Какой– то звук… Более громкий всплеск и шум встревожили разнежившуюся женщину. Она перевернулась в воде, огляделась… И вдруг… Чье– то крупное тело рядом ушло под воду, мелькнув тенью, и Светорада вскрикнула, когда почти подле нее из воды возник кто– то еще.
Молодая женщина резко отпрянула, едва не задохнулась от страха. Берег так далеко, а она совсем одна… Сердце билось почти оглушающе.
– Я напугал тебя, прекрасная морская наяда?
Она и впрямь испугалась и была готова в любой миг кинуться прочь, плыть изо всех сил. Но его голос, ровный и чуть задыхающийся, немного успокоил. Но успокоил ли? Сердце по– прежнему горячо колотилось, дыхание было прерывистым и нервным.
– Еле смог догнать тебя, дивная дочь моря.

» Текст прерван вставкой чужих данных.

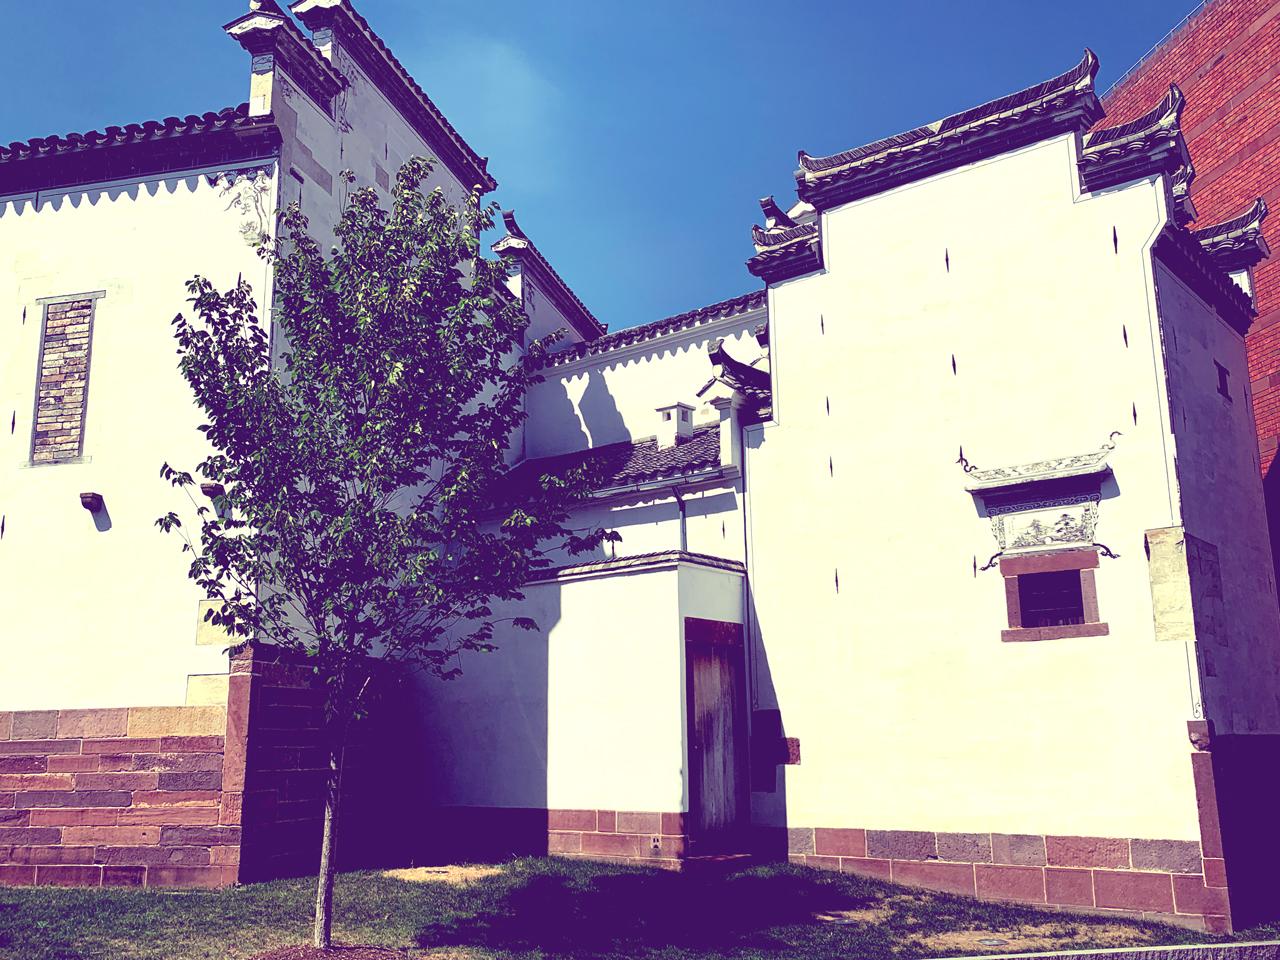 yu-tang-house-peabody-essex-museum-salem-massachusetts-1280x960-02
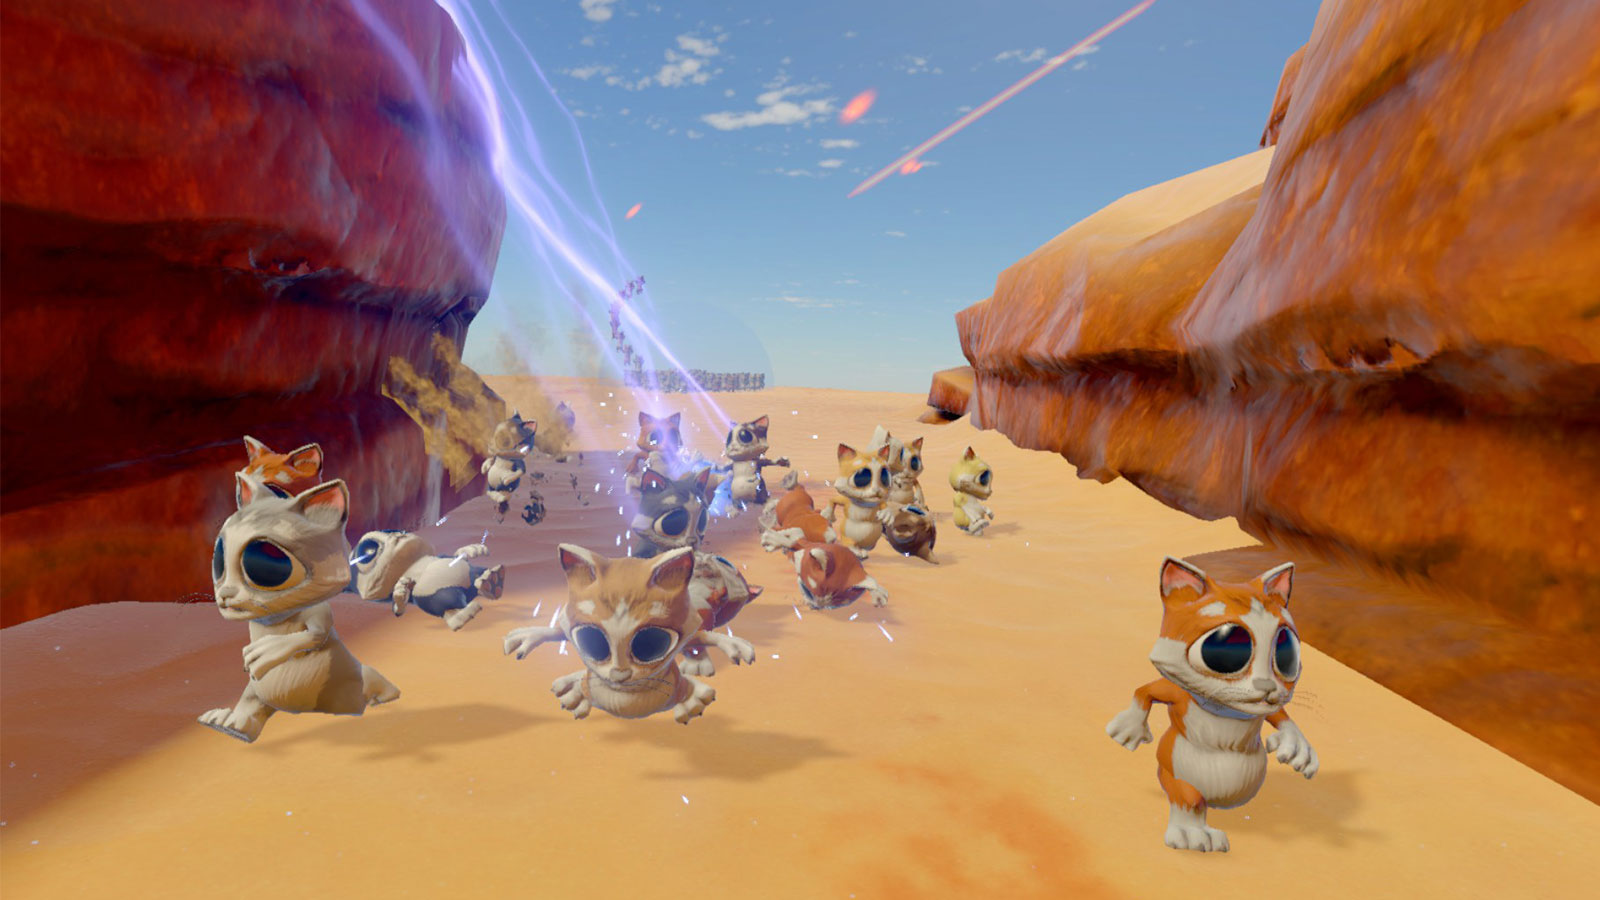 Hands on with kittie-killing VR game Kittypocalypse

Мужчина, молодой и пригожий. Он покачивался на волне, смотрел на нее и улыбался. Она видела его просвечивающееся сквозь воду тело, обнаженное и ловкое, сильные плечи в блестевших на солнце каплях, белозубую улыбку. Незнакомец чуть щурился, улыбка его была лукавой и приветливой. И оттого что он больше не стремился приблизиться, а только смотрел, Светорада смогла наконец прийти в себя. Подумала сперва: какой это стыд – оказаться голой перед незнакомцем. Но ее укрывала искажающая все вода, которая была для прекрасно плавающей княжны своей стихией, знакомой и послушной, и именно это ощущение вдруг стало приводить Светораду в некое почти нереальное состояние. Они были вдвоем далеко от высившегося уступами берега, их озаряло солнце, и этот незнакомец перестал внушать ей страх.
А еще он был очень привлекателен. Светорада даже чуть склонила голову, разглядывая его лицо, молодое, смуглое, с красиво обрамлявшими его мокрыми завитками темных волос, круто изогнутыми бровями, тонким носом и чувственными улыбающимися губами. Глаза же у него… Глаза были светло– голубые, ясные и безмятежные, как небо над головой. Оттененные угольно– черными загнутыми ресницами, они показались Светораде удивительно красивыми.
Взволнованная и очарованная, она невольно ответила на его улыбку. И поддержала начатую им игру:
– Я не ожидала встретить тебя тут, морской тритон.
В ее голосе слегка сквозил иноземный выговор, не исчезнувший за годы жизни среди ромеев. Но этот акцент, похоже, чем– то позабавил незнакомца. Он вдруг откинулся на воде, взмахнув руками и подняв фонтан брызг, и громко засмеялся.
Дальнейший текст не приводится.